Вот главное, что он сказал в этом письме, где каждая строчка от первой до последней была внушена чувством справедливости и собственного достоинства; и написал он его в таком тоне, словно и правда был моим опекуном по закону, беспристрастно передающим мне предложение своего друга и бескорыстно перечисляющим все, что можно сказать за и против него.

Но он ни одним намеком не дал мне понять, что обдумывал все это еще в то время, когда я была красивее, чем теперь, но тогда решил ничего мне не говорить. Он не сказал, что, когда мое лицо изменилось и я подурнела, он продолжал любить меня так же, как и в лучшую мою пору. Не сказал, что, когда открылась тайна моего рождения, это не было для него ударом. Что его великодушие выше обезобразившей меня перемены и унаследованного мною позора. Что чем больше я нуждаюсь в подобной верности, тем больше могу полагаться на него до конца.

Впрочем, я теперь сама знала все это: знала очень хорошо. Это было для меня как бы завершением возвышенной повести, которую я читала, и я уже видела, к какому решению должна прийти – других решений быть не могло. Посвятить мою жизнь его счастью в благодарность за все, что он для меня сделал? Но этого мало, думала я, и чего же я хотела в тот вечер, несколько дней назад, как не придумать, чем еще я могу отблагодарить его?

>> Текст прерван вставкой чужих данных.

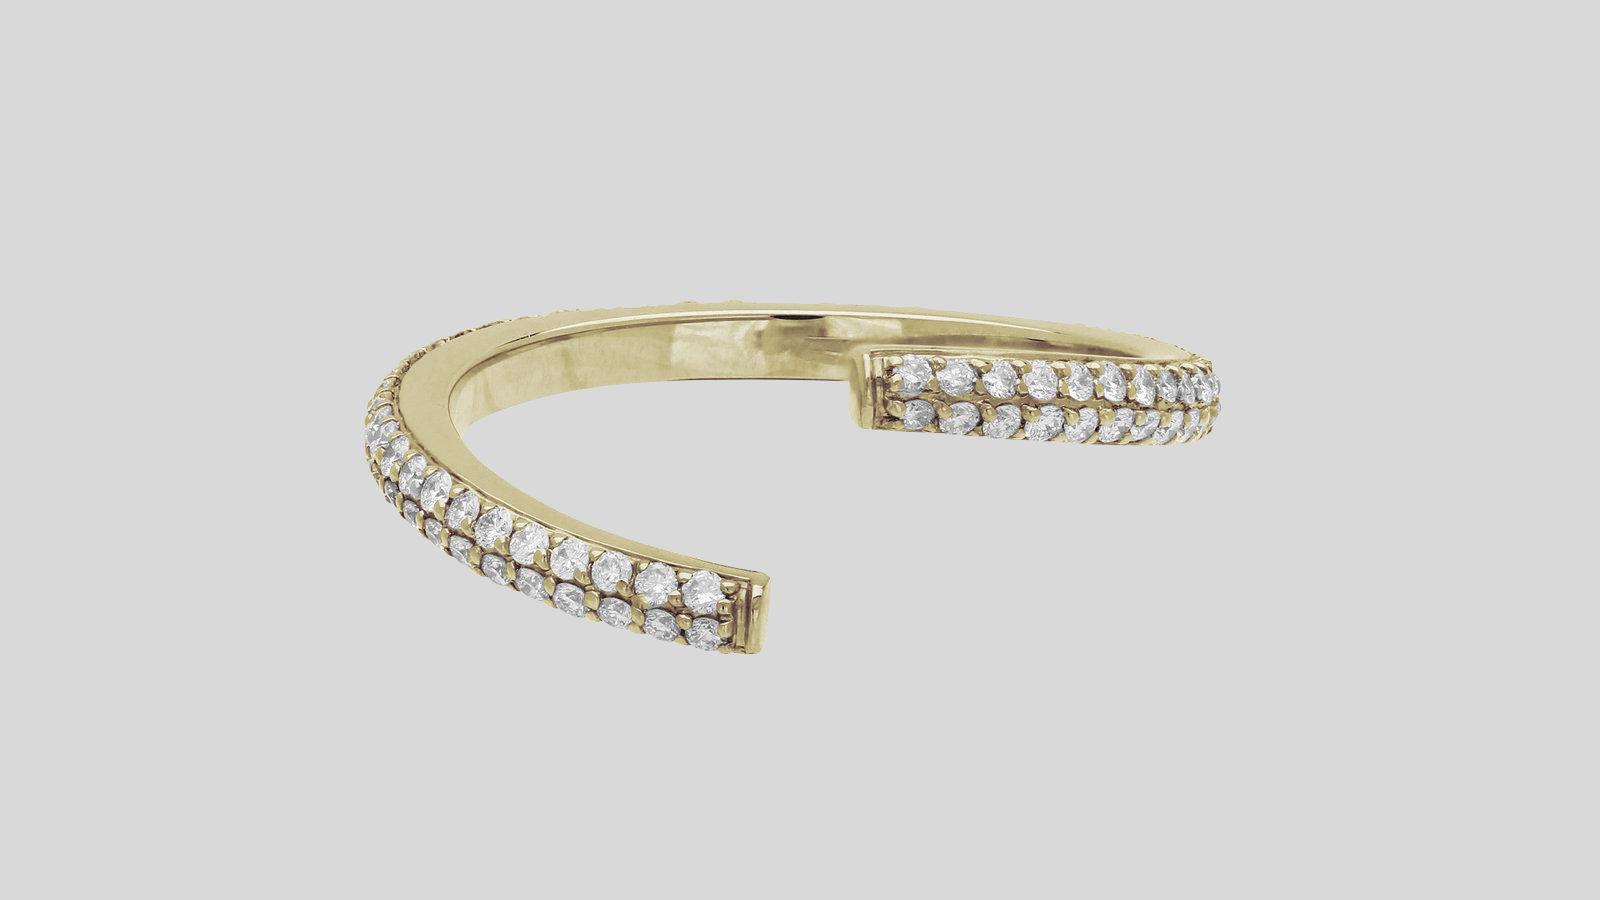 The Pavé Diamond Untraditional Ring

И все же, прочитав письмо, я долго плакала, и не только от полноты сердца, не только от неожиданности Этого предложения, – ибо оно все-таки оказалось неожиданным для меня, хоть я и предвидела его; нет, я чувствовала, что безвозвратно утратила что-то, чему нет названия и что неясно для меня самой. Я была очень счастлива, очень благодарна, очень спокойна за свое будущее, но я долго плакала.

Немного погодя я подошла к своему старому зеркалу. Глаза у меня были красные и опухшие; и я сказала себе: «Ах, Эстер, Эстер, ты ли это?» Лицо в зеркале, кажется, снова собиралось расплакаться от этого упрека, но я погрозила ему пальцем, и оно стало спокойным.

– Вот это больше похоже на то сдержанное выражение, которым ты утешила меня, моя прелесть, когда я заметила в тебе такую перемену! – сказала я, распуская волосы. – Когда ты станешь хозяйкой Холодного дома, тебе придется быть веселой, как птичка. Впрочем, тебе постоянно надо быть веселой; поэтому начнем теперь же.